You have two ways to buy a stock either you go long which means you buy shares thinking that the stock price will go up. On the contrary going short means you sell shares by borrowing them from your broker when you think that the price will go down.
-What are current option trading hours?
Options on equities, narrow-based (sector) indexes and narrow-based ETFs, generally open at 9:30 a.m. ET and close for trading at 4:00 p.m. ET. Options on some broad-based ETFs and index products trade until 4:15 p.m. ET. Please consult the product specifications at the exchange where the product trades for exact trading hours.
-What is a strike price?
The strike price is the price at which an option holder can purchase (call) or sell (put) the underlying stock, sometimes called striking price, strike or exercise price.
-What is a call?
A call is an option contract that gives the owner the right to buy the underlying stock at a specified price (its strike price) for a certain, fixed period (until expiration). For example, American-style ABC Corp. March 20 call entitles the buyer to purchase 100 shares of ABC Corp. common stock at $20 per share before the option’s March expiration date. For a call option writer or seller, the contract represents an obligation to sell the underlying stock if the option is assigned.
-What is a put?
A put is an option contract that gives the owner the right to sell the underlying stock at a specified price (its strike price) for a certain, fixed period (until expiration). For example, an ABC Corp. March 20 put entitles the owner to sell 100 shares of ABC Corp. common stock at $20 per share before the option’s March expiration. For the writer or seller of a put option, the contract represents an obligation to buy the underlying stock from the option owner if the option is assigned.

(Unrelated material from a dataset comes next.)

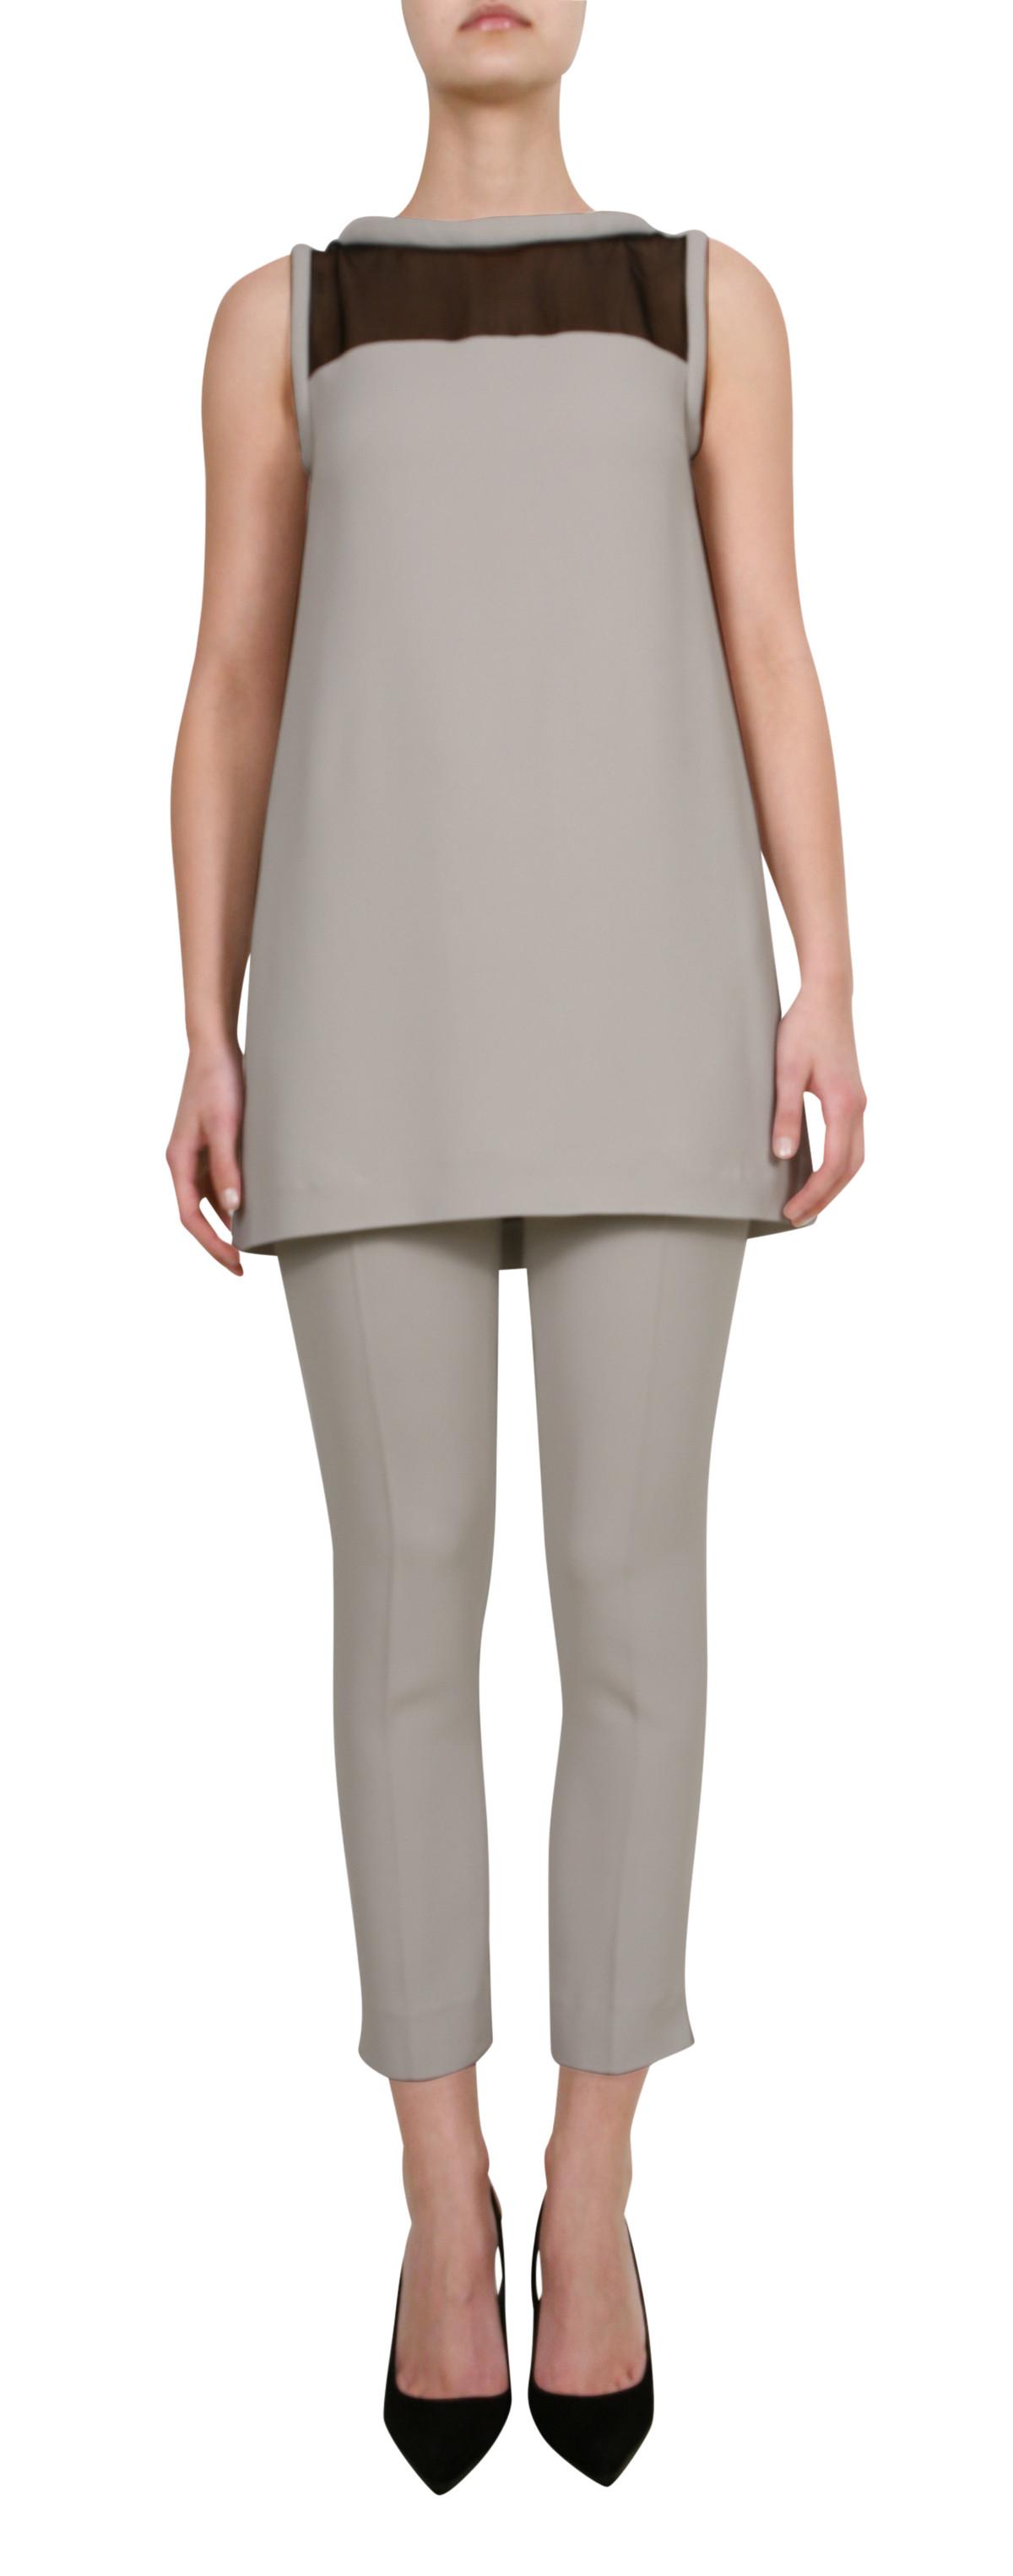 FUTURE FASHION long tunic - Dresses & Skirts - Onlineshop | SCHUMACHER - Onlineshop
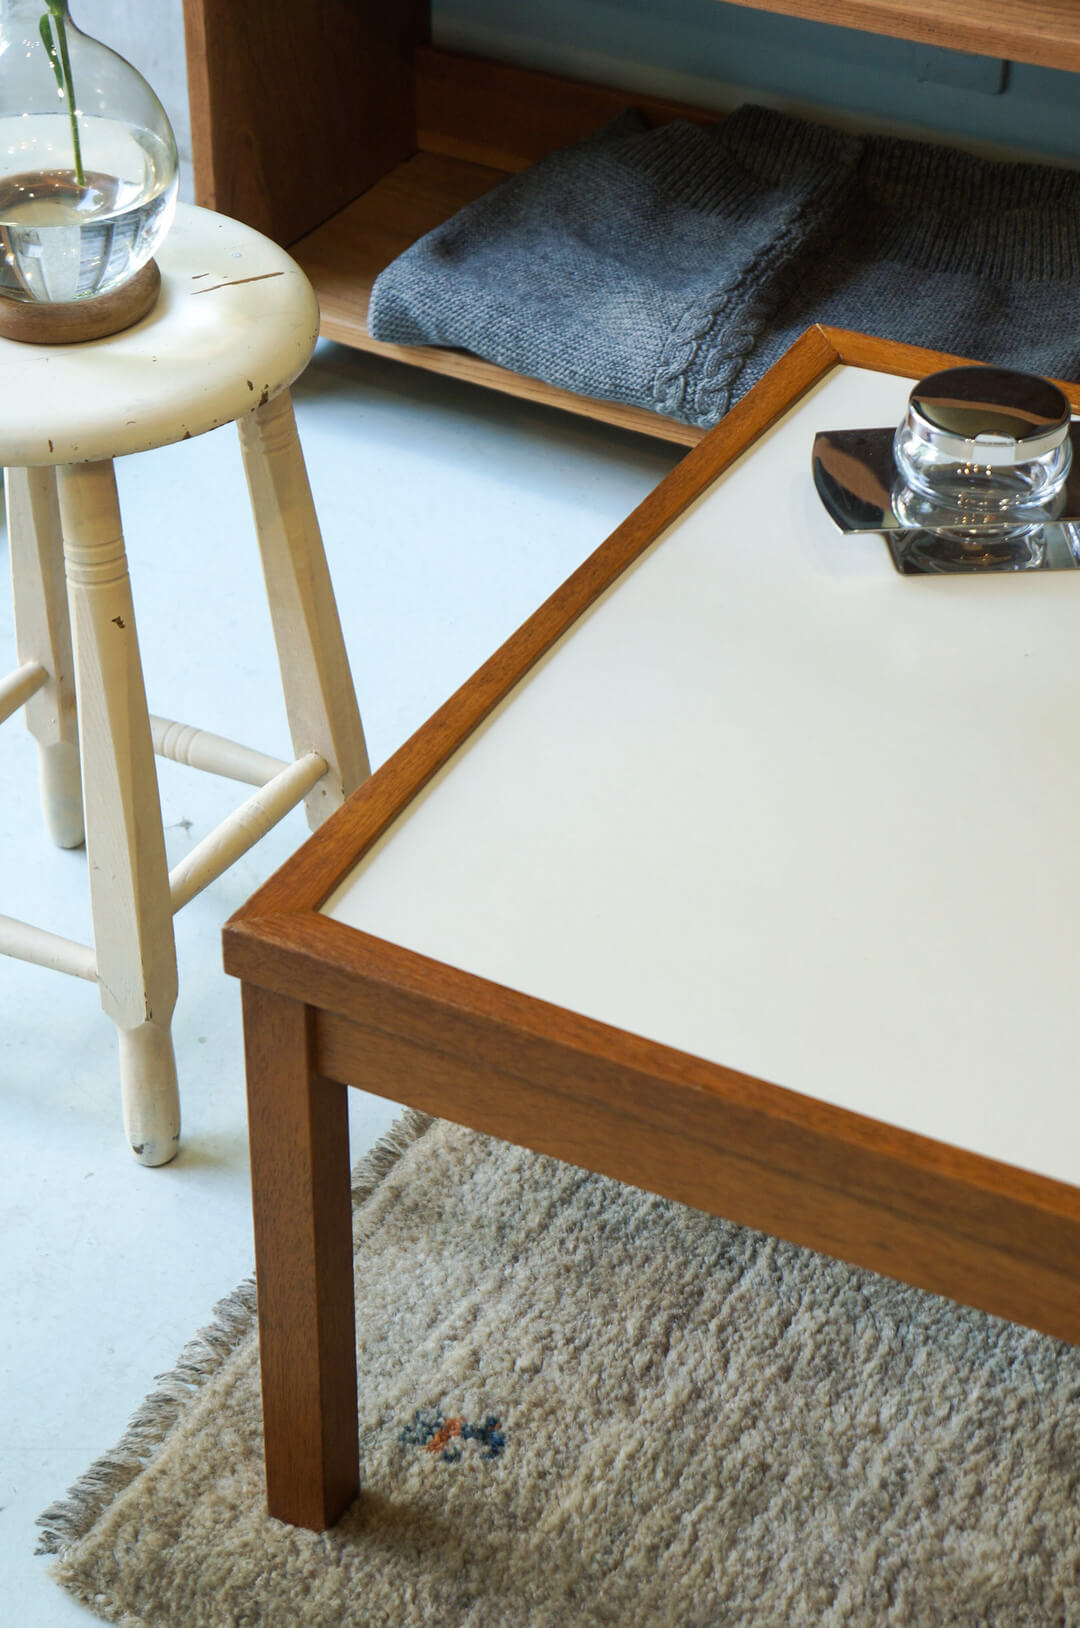 Japanese Vintage Modern Square Low Table/ジャパンヴィンテージ スクエアローテーブル 座卓 レトロモダン メラミントップ

-What is Time Value of an Option (TV)?
The time value (TV) (extrinsic or instrumental value) of an option is the premium a rational investor would pay over its current exercise value (intrinsic
-What is an ‘Assignment’?
Assignment takes place when the written option is exercised by the options holder. The options writer is said to be assigned the obligation to deliver the terms of the options contract. When assigned, the option writer has an obligation to complete the requirements of the option contract. If the option was a call (put) option, then the writer would have to sell (buy) the underlying security at the stated strike price. Options are generally assigned when they get closer to expiration. Only about 17% of options are exercised, this does not mean that 17% of all options positions will be assigned at a given time. Generally the 17% represents the deeper into-the-money the short options, which are more likely to be exercised.